I'm trying to solve the following question:
In a course there are two groups - group $A$ and group $B$. Each week a student passes from group $A$ to group $B$ with probability $p$ and quit the course (i.e leaves group $B$) with probability $q$.
In the beginning there are $M$ students in each group. Length of course is $N$ weeks.
- What is the expected number of students in group $A$ at the end?
- What is the expected number of students in group $B$ at the end?
- What is the expected number of quitting students during the course?
- Let $p=q$. What are the result for the above questions?
My try:
- Let $A_i$ be the number of students in group $A$ at week $i$, then $A_{i+1}=(1-p)A_i$ and so $$A_N=(1-p)^N\cdot A_0=M(1-p)^N$$ and this is also the expected number at the end.
- Let $B_i$ be the number of students in group $B$ at week $i$, then \begin{align*}B_{i+1}&=pA_i+(1-q)B_i=pA_i+(1-q)\left[pA_{i-1}+(1-q)B_{i-1}\right] \\ &={\dots}=p\sum_{k=0}^{i}(1-q)^{i-k}A_k+(1-q)^{i+1}B_0\end{align*}So, $\displaystyle B_N=p\sum_{k=0}^{N-1}(1-q)^{N-(k+1)}A_k+(1-q)^{N}B_0$. Now, can I use linearity of expectation?
- Isn't it simply $2M-\mathbb{E}[A_N]-\mathbb{E}[B_N]$?
- It is simply plug $p=q$ and find results... I believe it shouldn't be so hard.
Am I on the right track?
And help will be appreciated. Thanks.
You're definitely on the right track, but I'd be more careful distinguishing between the random variables and their expectations. For example, when you claim $A_{i+1} = (1-p)A_i$, that's not true: $A_{i+1}$ and $A_i$ are random variables, and they aren't necessarily related by the constant $1-p$ (e.g., there is positive probability that they will be equal because no one will switch). What is true is $\mathbb{E}[A_{i+1}] = (1-p)\mathbb{E}[A_i]$. This will make things a bit more tricky in part 2.
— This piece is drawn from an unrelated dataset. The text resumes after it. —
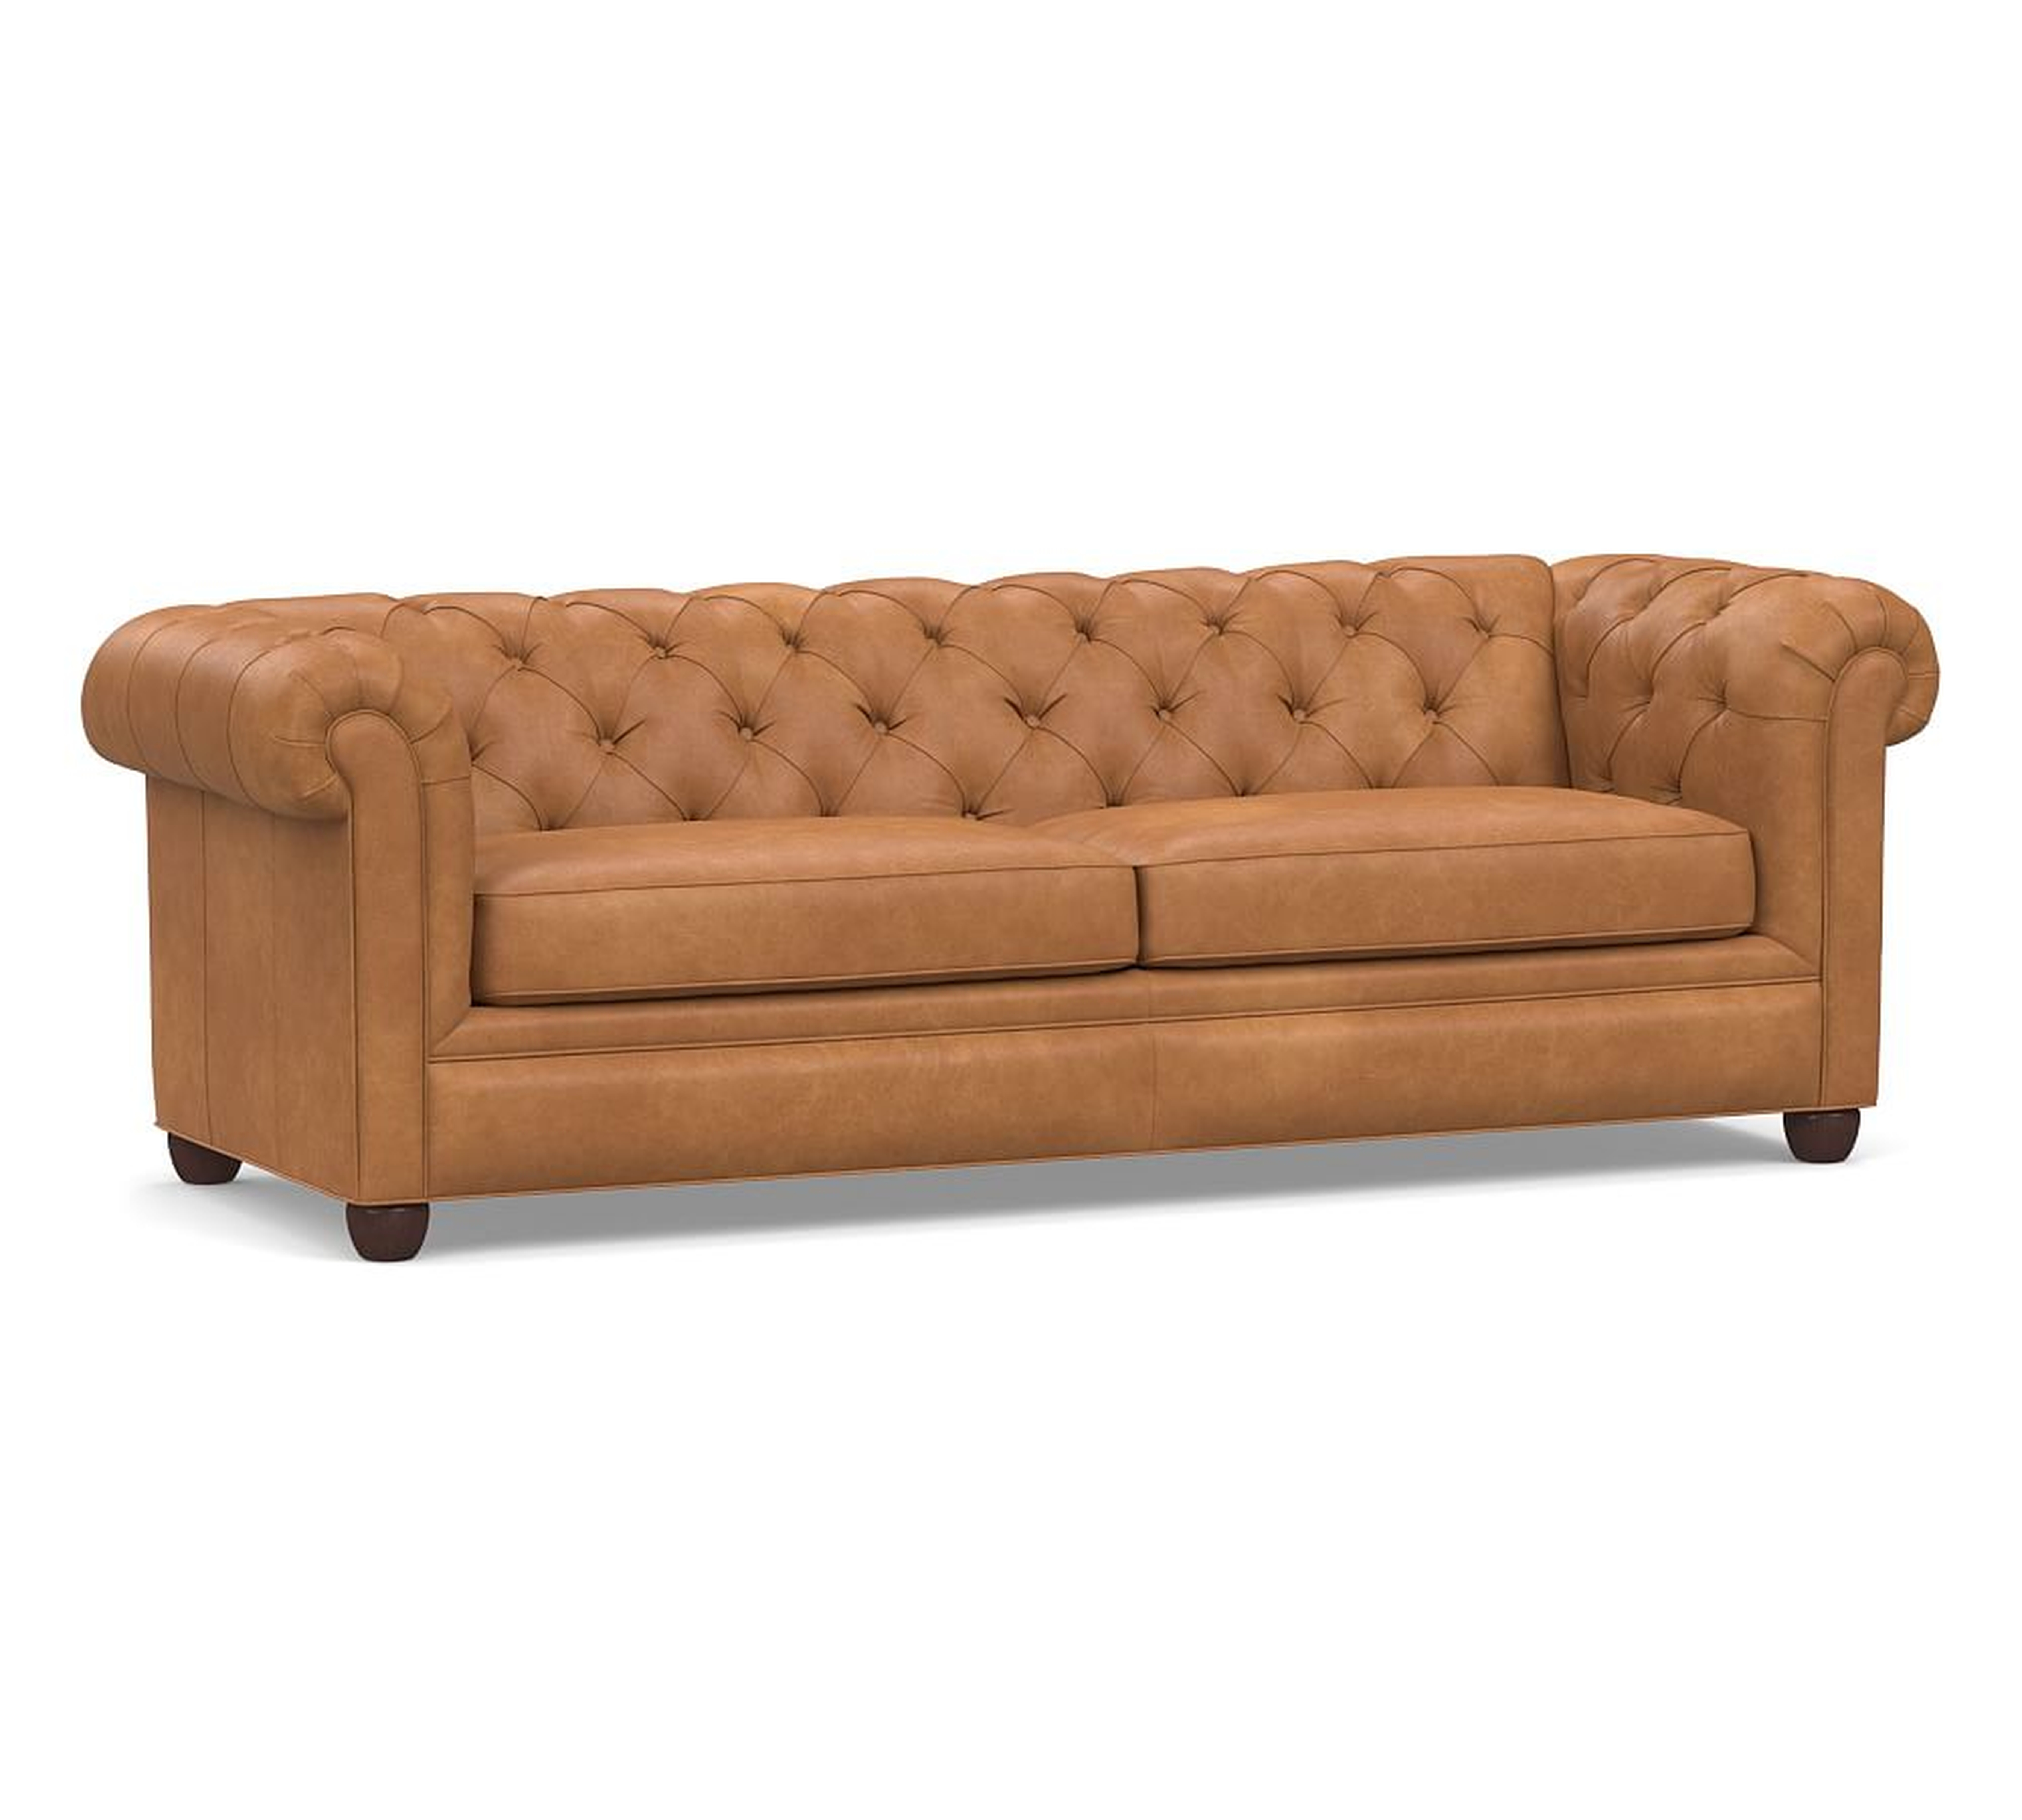 Chesterfield Roll Arm Leather Grand Sofa 96", Polyester Wrapped Cushions, Churchfield Camel - Pottery Barn

A slightly different tack that might be helpful (especially in part 2) is to write $$ B_i = \sum_{j=1}^M I_i^{(j)} + \sum_{j=1}^M J_i^{(j)}$$ Here $I_i^{(j)}$ is the indicator random variable for the event that student #$j$ of those who started in class $A$ is now in class $B$, and $J_i^{(j)}$ is the indicator random variable for the event that student #$j$ of those who started in class $B$ is now in class $B$. The advantage of this is that clearly all the $I_i^{(j)}$s are identically distributed, as are the $J_i^{(j)}$s, so linearity of expectation gives $$ \mathbb{E}[B_i] = M\mathbb{E}[I_i] + M\mathbb{E}[J_i]$$ $\mathbb{E}[I_i]$ is the probability that a student starting in class $A$ ends up in class $B$, and $\mathbb{E}[J_i]$ is the probability that a student starting in class $B$ ends up in class $B$. Since in each case you are dealing with only a single student, these probabilities might be slightly less tricky to compute.